**REQUIRED WORK**
Would you print out all of the data exactly and keep the pictures out of it?

**THE DATA**
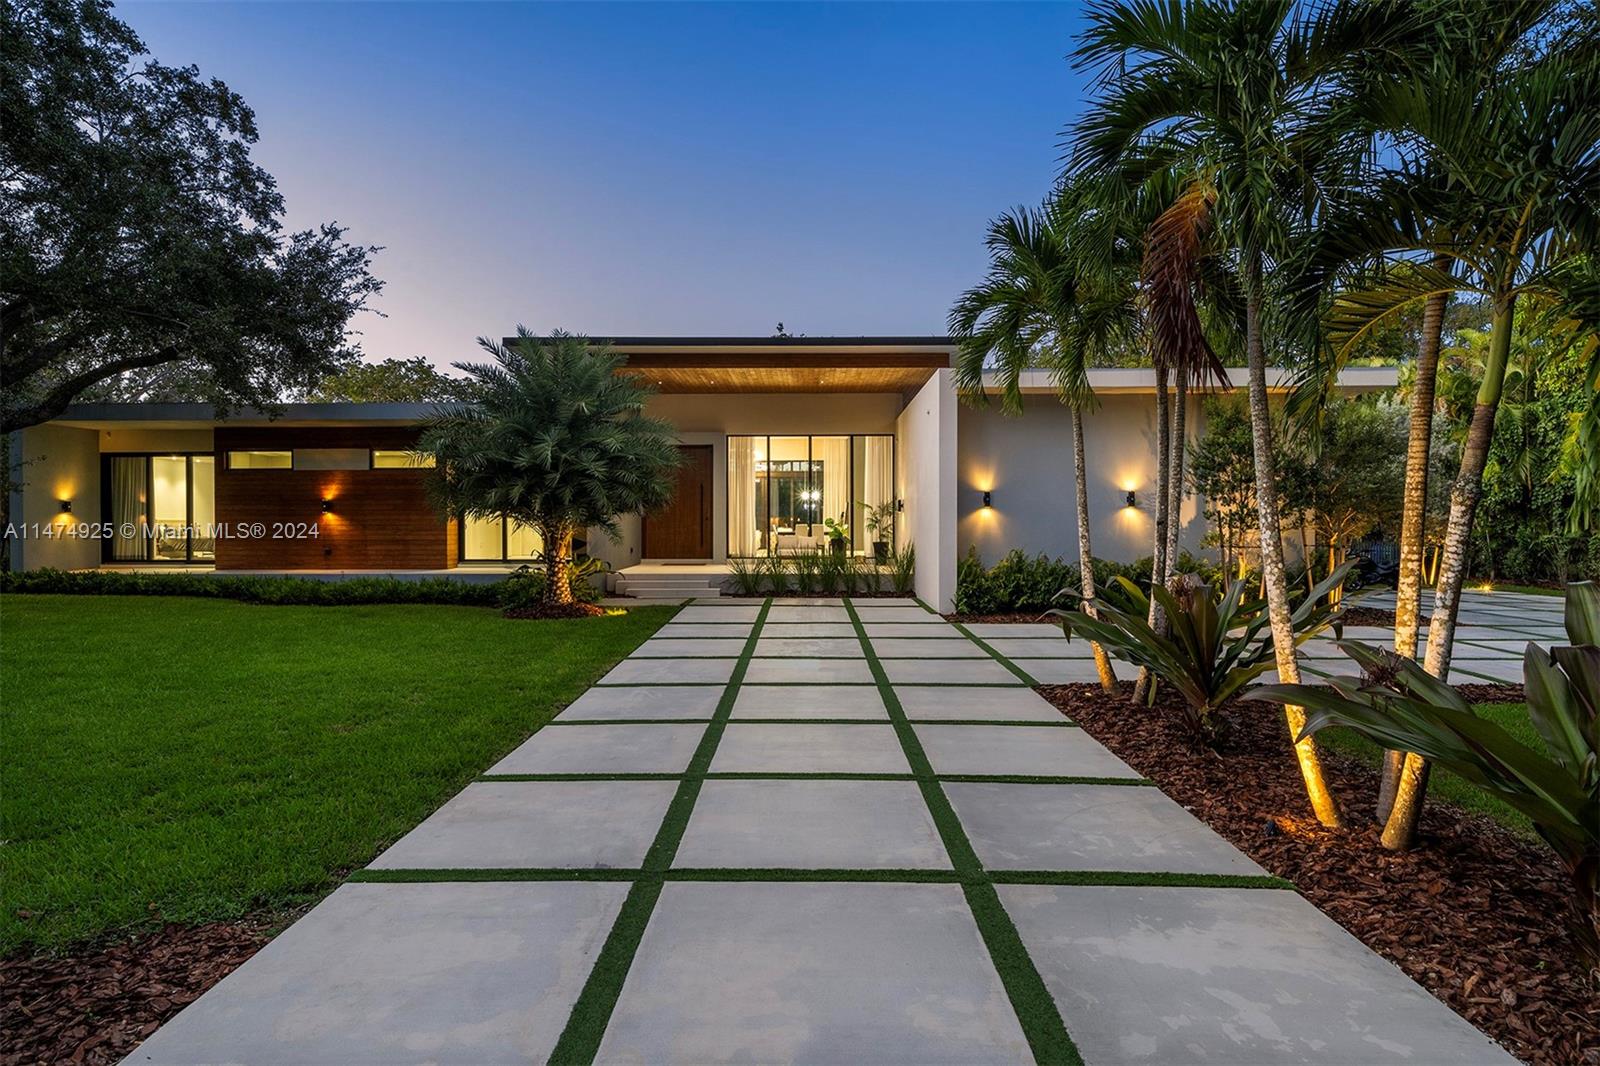 Nestled in the exclusive Pinecrest enclave, this masterpiece boasts 6 beds & 6.5 baths, on a generous 38,766 sqft lot. You'll be welcomed by the impressive 11 ft hurricane-proof Mahogany pivot door and ceilings ranging from 10 -14 ft. The home is adorned with stunning wallpaper, wood panel walls, electric blinds, & floating drywall, adding to its allure. The kitchen is a chef's paradise, featuring Italkraft cabinets, qrtz countertops, top-tier Miele, Wolf, & Liebherr appliances. Each bedroom offers a sanctuary with en-suite baths & designer Mia Cucina closets. Additionally, there is a guest house on the property. Convenience is key, with proximity to elite schools, high-end shopping, pristine beaches, & easy access to expressways, making this property the epitome of luxurious living.
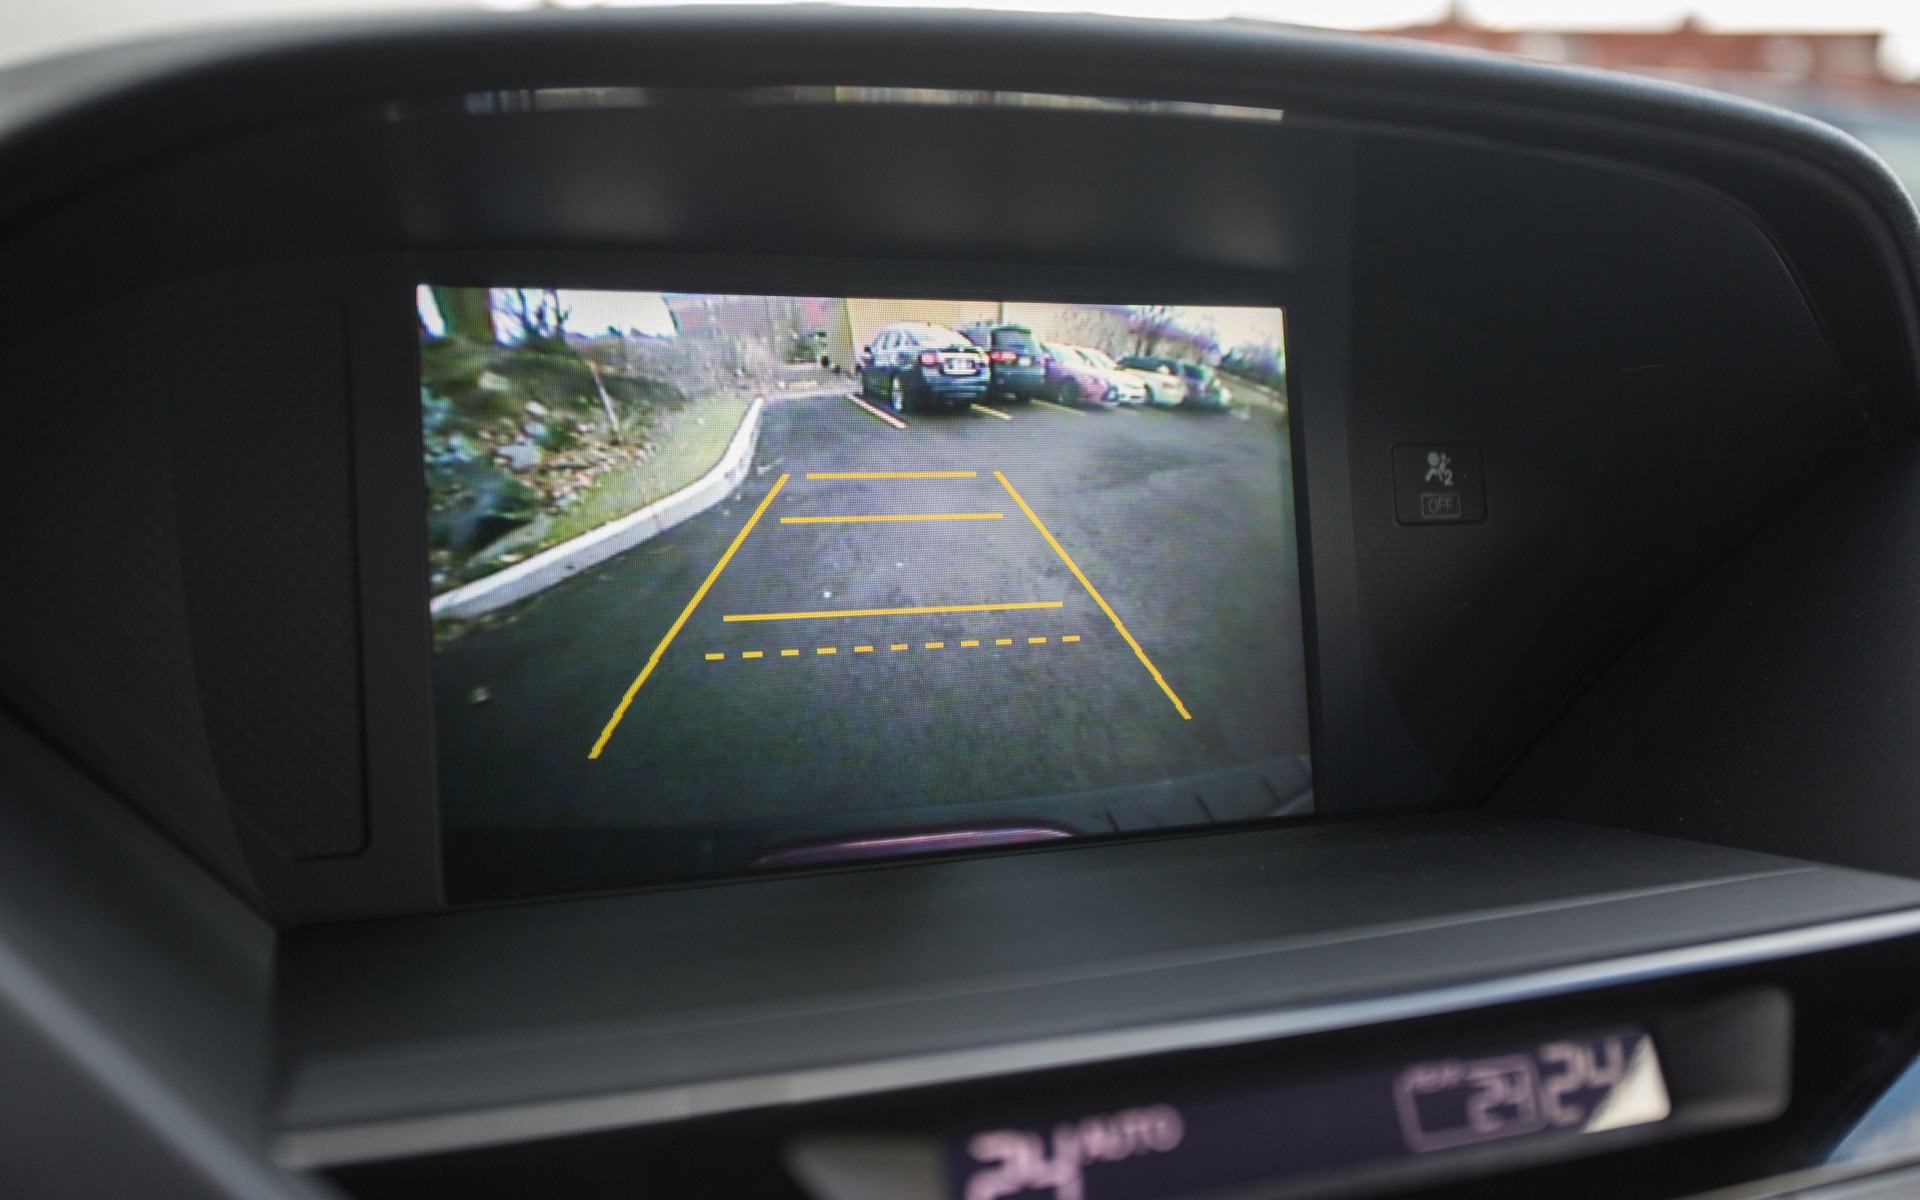 The rearview camera is practical and well located.
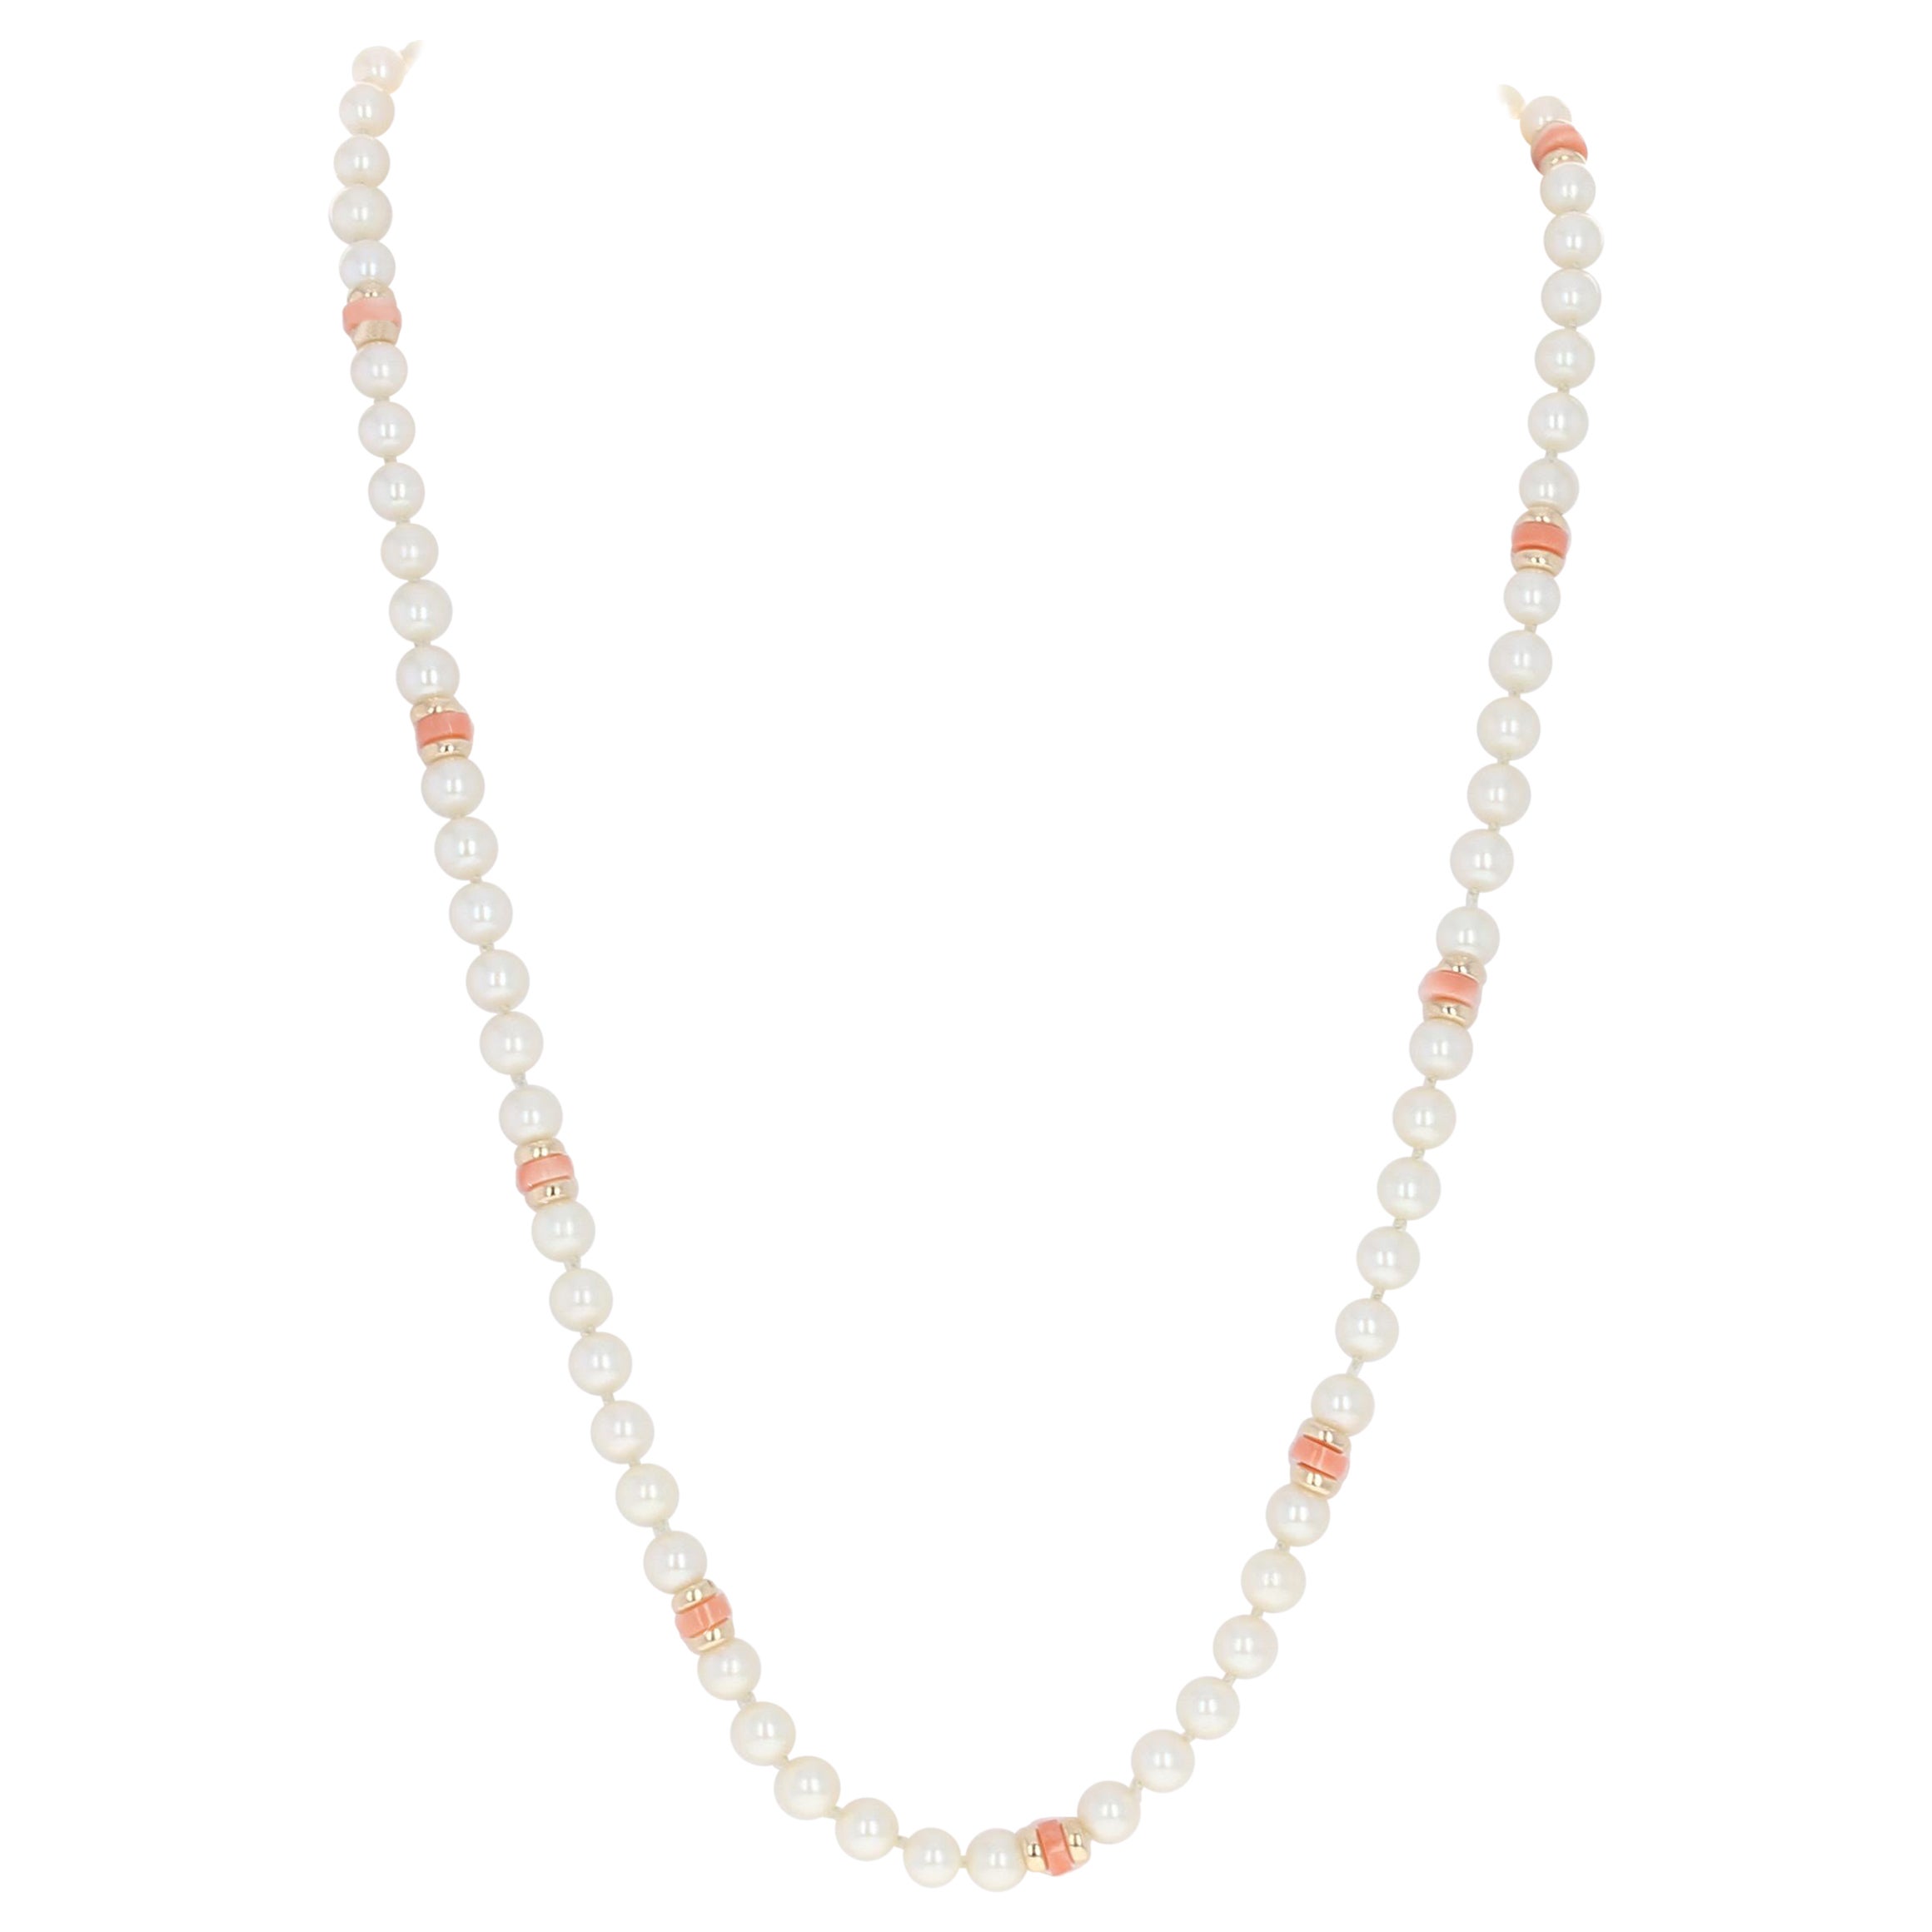 Yellow Gold Freshwater Pearl & Coral Necklace, 14k Knotted Strand

**OUTPUT OF THE EXERCISE**
 Nestled in the exclusive Pinecrest enclave, this masterpiece boasts 6 beds & 6.5 baths, on a generous 38,766 sqft lot. You'll be welcomed by the impressive 11 ft hurricane-proof Mahogany pivot door and ceilings ranging from 10 -14 ft. The home is adorned with stunning wallpaper, wood panel walls, electric blinds, & floating drywall, adding to its allure. The kitchen is a chef's paradise, featuring Italkraft cabinets, qrtz countertops, top-tier Miele, Wolf, & Liebherr appliances. Each bedroom offers a sanctuary with en-suite baths & designer Mia Cucina closets. Additionally, there is a guest house on the property. Convenience is key, with proximity to elite schools, high-end shopping, pristine beaches, & easy access to expressways, making this property the epitome of luxurious living.
 The rearview camera is practical and well located.
 Yellow Gold Freshwater Pearl & Coral Necklace, 14k Knotted Strand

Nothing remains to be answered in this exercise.